Колдун откинулся на спинку большого кожаного кресла и задумался, ушёл в себя.
– Что вас привело в наш город? – спросил он, наконец.
Странно, почему бы ему не знать и об этом?
– Я приехал к своим друзьям в гости, – ответил я. – Отдохнуть.
– Не стоит меня обманывать, – скривившись, проронил он. – Вы приехали по приглашению госпожи Колесниковой. И теперь живете в доме, который проклят. Это очень опасно и для владельцев дома и для вас.
– Я приехал, чтобы помочь Екатерине Павловне. Я – специалист по паранормальным явлениям. У меня большой опыт в этом вопросе.

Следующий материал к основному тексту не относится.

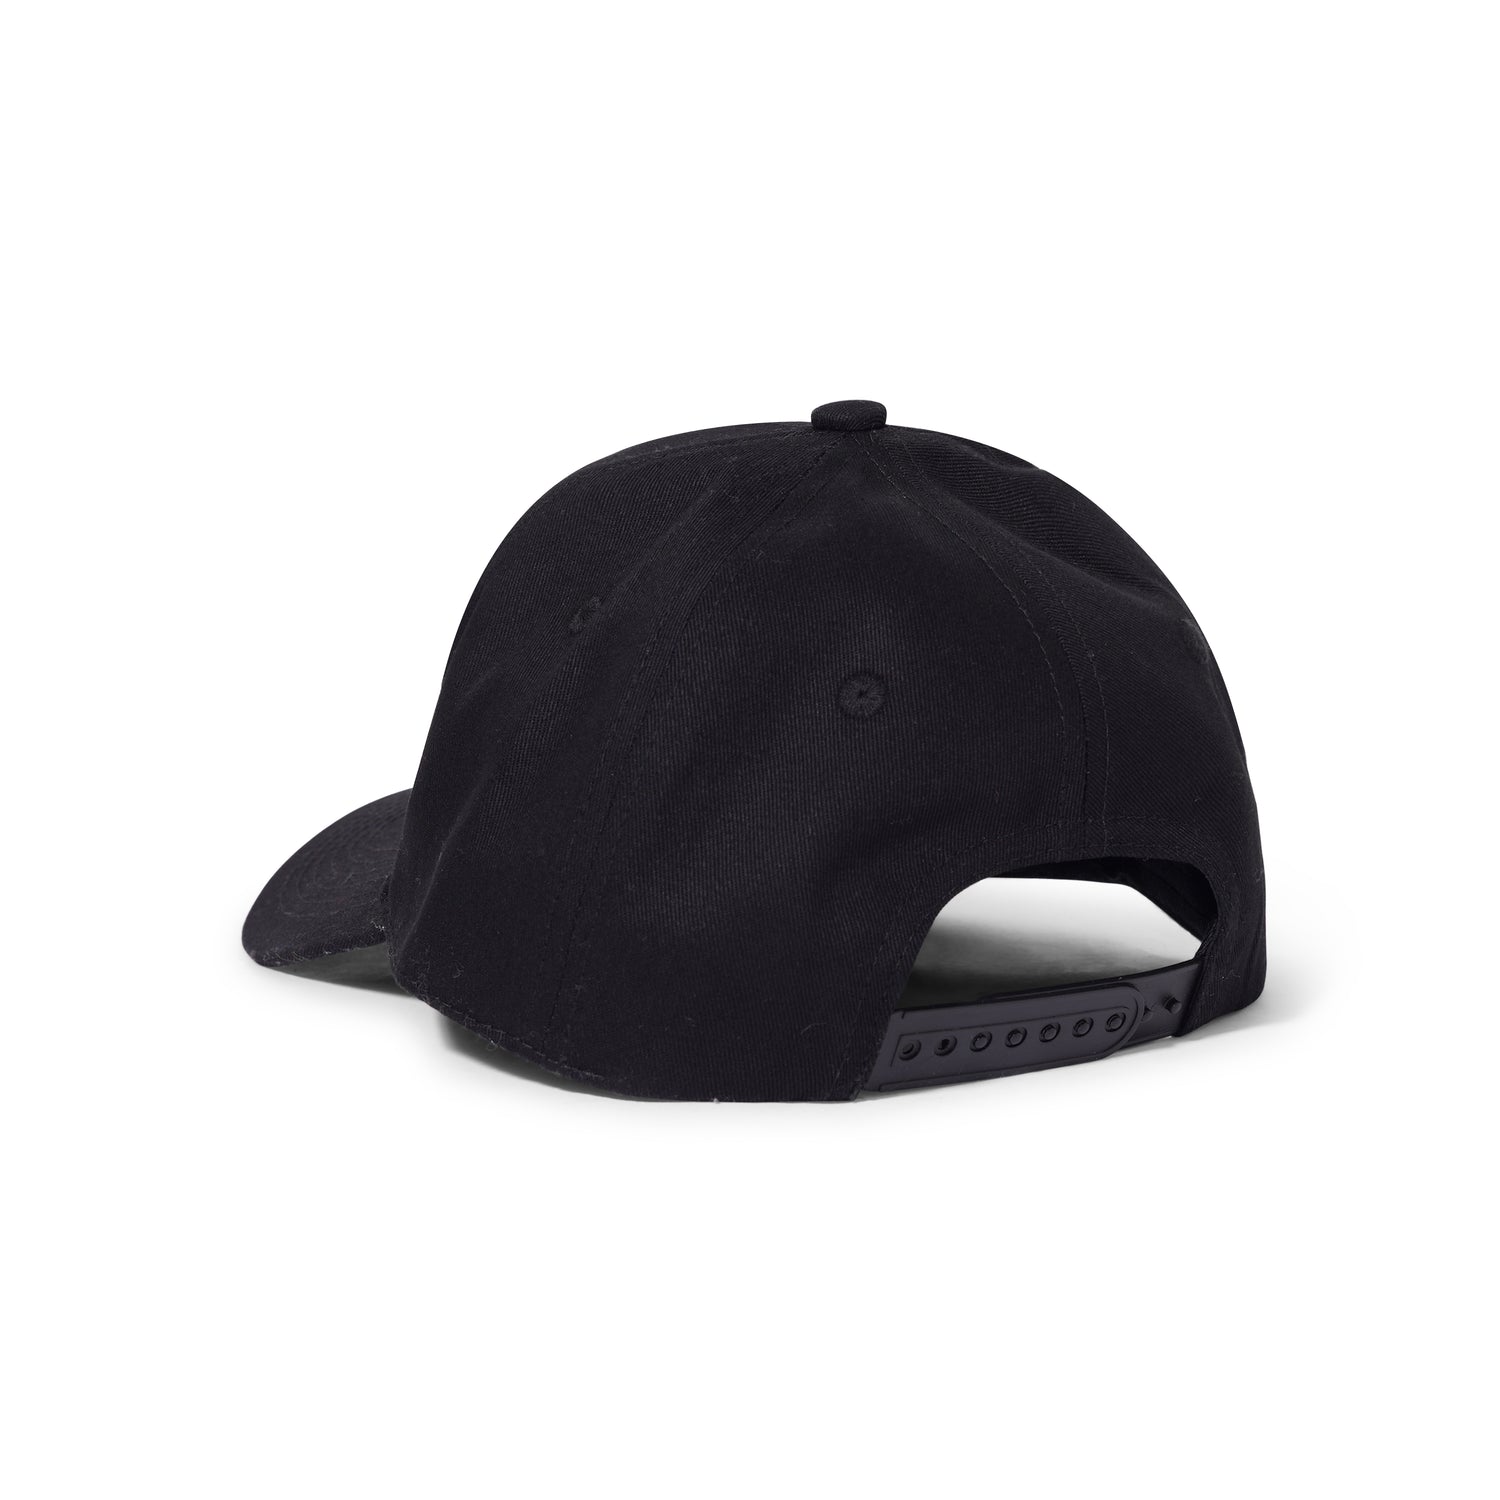 Star Hat, Black

– Я читал ваши статьи, – произнёс Кастильский холодно. – Не думаю, что вы – специалист. Вы ни разу не встречались с реальными проявлениями этой стороны жизни. Разоблачаете мошенников, и не верите, что явления, которые не признает официальная наука, существуют. Вы – циник и скептик.
Я понял, что Кастильский настроен ко мне очень враждебно.
– Господин Кастильский, я не виноват, что за семь лет моих расследований, так называемых, сверхъестественных явлений, мне не удалось встретиться ни с одним реальным вампиром, оборотнем или духом, – объяснил с иронией. – Но я не теряю надежды.
– Глупости! Вы явились в наш город, чтобы найти сенсационный материал для своего журнала. Жаждете откопать грязную историю.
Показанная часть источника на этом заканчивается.